▶ [What is needed]: Start at the line containing "total croatia news 3-1.jpg" and transcribe every line exactly through the end of the records below, and only those lines.

(Dataset items)
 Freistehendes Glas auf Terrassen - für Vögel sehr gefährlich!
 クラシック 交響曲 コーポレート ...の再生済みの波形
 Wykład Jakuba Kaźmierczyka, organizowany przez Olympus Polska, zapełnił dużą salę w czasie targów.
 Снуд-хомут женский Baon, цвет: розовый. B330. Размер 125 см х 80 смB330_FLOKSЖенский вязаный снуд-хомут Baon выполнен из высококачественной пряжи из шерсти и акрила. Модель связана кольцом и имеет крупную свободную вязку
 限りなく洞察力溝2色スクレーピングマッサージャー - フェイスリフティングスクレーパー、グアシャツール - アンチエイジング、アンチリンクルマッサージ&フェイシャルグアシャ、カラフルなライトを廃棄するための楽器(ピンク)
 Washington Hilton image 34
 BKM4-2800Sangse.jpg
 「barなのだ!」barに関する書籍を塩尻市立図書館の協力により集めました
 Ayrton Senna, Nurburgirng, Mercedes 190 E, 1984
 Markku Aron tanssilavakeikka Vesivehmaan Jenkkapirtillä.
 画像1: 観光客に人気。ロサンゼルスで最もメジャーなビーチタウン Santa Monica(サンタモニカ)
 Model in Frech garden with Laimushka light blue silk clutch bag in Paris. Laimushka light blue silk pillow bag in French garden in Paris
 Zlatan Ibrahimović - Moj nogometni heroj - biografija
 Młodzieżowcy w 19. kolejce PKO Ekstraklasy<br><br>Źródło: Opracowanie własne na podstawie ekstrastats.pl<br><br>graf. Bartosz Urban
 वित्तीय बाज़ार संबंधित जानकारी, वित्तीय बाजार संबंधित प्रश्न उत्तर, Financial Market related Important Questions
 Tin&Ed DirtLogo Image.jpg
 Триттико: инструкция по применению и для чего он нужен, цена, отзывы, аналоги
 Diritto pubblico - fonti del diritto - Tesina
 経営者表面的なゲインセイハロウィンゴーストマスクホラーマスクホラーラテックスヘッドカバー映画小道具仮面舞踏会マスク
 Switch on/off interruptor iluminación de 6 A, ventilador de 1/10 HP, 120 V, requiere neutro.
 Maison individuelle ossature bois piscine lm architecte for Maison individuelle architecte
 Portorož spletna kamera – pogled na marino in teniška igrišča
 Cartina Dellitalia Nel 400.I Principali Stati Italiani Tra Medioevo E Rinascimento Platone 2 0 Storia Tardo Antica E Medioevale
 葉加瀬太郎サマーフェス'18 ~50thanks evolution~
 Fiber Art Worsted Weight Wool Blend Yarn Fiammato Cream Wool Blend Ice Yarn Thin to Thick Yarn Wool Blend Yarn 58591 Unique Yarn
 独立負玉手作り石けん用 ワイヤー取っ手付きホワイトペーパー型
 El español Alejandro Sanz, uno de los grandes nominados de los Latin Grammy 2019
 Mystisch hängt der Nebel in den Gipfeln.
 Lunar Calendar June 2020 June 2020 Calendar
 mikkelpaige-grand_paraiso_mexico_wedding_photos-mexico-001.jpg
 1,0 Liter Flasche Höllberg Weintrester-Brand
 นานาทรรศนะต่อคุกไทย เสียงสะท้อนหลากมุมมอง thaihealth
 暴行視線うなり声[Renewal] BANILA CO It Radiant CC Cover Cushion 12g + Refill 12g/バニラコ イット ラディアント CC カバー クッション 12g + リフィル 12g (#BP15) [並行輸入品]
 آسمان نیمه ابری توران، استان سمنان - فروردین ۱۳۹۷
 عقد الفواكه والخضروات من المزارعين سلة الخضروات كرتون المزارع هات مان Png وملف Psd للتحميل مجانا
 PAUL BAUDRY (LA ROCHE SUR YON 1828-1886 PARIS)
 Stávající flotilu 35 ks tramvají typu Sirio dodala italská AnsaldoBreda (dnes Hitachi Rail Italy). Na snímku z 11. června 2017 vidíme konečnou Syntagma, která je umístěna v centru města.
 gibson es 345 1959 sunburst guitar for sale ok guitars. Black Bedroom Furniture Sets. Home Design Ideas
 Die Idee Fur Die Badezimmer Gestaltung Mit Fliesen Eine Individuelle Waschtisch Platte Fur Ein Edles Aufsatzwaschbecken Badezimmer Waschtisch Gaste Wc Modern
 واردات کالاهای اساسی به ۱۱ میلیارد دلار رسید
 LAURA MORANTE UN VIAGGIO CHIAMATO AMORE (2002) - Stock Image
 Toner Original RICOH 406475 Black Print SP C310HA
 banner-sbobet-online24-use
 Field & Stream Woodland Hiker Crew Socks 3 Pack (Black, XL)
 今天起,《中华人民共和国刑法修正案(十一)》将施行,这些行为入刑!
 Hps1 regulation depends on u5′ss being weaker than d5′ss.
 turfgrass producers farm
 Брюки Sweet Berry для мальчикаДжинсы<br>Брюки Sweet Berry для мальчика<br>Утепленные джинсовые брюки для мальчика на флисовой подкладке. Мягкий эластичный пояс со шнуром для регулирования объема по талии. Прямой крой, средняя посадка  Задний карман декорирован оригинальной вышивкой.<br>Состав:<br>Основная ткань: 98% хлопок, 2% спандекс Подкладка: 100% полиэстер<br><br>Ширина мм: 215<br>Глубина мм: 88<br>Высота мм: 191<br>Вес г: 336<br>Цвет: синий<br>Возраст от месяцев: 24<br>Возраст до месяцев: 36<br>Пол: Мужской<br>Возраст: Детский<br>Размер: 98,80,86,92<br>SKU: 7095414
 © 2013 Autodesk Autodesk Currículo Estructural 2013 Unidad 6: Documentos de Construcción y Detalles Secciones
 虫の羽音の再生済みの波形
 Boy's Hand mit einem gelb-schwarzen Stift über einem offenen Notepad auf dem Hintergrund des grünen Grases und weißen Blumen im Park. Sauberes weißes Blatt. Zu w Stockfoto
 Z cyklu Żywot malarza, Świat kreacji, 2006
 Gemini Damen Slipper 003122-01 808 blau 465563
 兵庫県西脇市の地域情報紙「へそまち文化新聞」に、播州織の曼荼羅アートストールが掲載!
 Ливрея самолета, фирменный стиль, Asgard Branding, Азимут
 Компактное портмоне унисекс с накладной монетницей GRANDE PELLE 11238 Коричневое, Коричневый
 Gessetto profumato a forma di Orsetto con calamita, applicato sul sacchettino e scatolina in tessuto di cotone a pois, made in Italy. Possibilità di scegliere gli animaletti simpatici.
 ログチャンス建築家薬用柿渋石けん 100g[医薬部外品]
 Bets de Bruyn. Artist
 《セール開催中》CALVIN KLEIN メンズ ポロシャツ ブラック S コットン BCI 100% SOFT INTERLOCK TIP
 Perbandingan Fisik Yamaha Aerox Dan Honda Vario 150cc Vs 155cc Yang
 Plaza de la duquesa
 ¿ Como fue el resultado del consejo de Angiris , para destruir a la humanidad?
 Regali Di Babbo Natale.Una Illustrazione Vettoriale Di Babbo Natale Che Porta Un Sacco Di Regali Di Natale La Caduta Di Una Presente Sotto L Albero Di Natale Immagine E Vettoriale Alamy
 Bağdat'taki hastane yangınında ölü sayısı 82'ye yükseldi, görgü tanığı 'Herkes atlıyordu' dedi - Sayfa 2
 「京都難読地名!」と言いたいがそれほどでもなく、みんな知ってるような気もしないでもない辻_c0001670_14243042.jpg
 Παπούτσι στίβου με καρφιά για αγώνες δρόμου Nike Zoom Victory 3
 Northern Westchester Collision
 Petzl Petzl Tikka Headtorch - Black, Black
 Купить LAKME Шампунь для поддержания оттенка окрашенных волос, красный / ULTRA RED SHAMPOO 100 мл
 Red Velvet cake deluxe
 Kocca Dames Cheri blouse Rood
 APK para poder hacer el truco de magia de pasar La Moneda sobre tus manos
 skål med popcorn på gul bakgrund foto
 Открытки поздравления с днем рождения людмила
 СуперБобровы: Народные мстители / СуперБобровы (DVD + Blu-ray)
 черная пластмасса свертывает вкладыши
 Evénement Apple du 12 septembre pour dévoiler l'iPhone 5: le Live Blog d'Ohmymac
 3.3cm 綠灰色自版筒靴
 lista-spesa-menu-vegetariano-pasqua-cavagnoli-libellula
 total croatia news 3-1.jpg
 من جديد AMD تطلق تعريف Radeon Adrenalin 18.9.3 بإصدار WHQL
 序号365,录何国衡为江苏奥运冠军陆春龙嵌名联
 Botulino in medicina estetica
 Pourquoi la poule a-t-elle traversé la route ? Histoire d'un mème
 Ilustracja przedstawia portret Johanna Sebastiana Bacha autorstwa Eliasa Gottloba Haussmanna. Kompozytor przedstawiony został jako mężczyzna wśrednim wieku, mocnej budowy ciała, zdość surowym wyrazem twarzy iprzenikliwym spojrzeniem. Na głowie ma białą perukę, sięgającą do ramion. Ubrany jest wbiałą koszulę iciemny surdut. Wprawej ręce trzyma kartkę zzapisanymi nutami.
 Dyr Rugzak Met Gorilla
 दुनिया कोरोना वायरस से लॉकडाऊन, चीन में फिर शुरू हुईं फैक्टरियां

▶ [Exercise response]:
 total croatia news 3-1.jpg
 من جديد AMD تطلق تعريف Radeon Adrenalin 18.9.3 بإصدار WHQL
 序号365,录何国衡为江苏奥运冠军陆春龙嵌名联
 Botulino in medicina estetica
 Pourquoi la poule a-t-elle traversé la route ? Histoire d'un mème
 Ilustracja przedstawia portret Johanna Sebastiana Bacha autorstwa Eliasa Gottloba Haussmanna. Kompozytor przedstawiony został jako mężczyzna wśrednim wieku, mocnej budowy ciała, zdość surowym wyrazem twarzy iprzenikliwym spojrzeniem. Na głowie ma białą perukę, sięgającą do ramion. Ubrany jest wbiałą koszulę iciemny surdut. Wprawej ręce trzyma kartkę zzapisanymi nutami.
 Dyr Rugzak Met Gorilla
 दुनिया कोरोना वायरस से लॉकडाऊन, चीन में फिर शुरू हुईं फैक्टरियां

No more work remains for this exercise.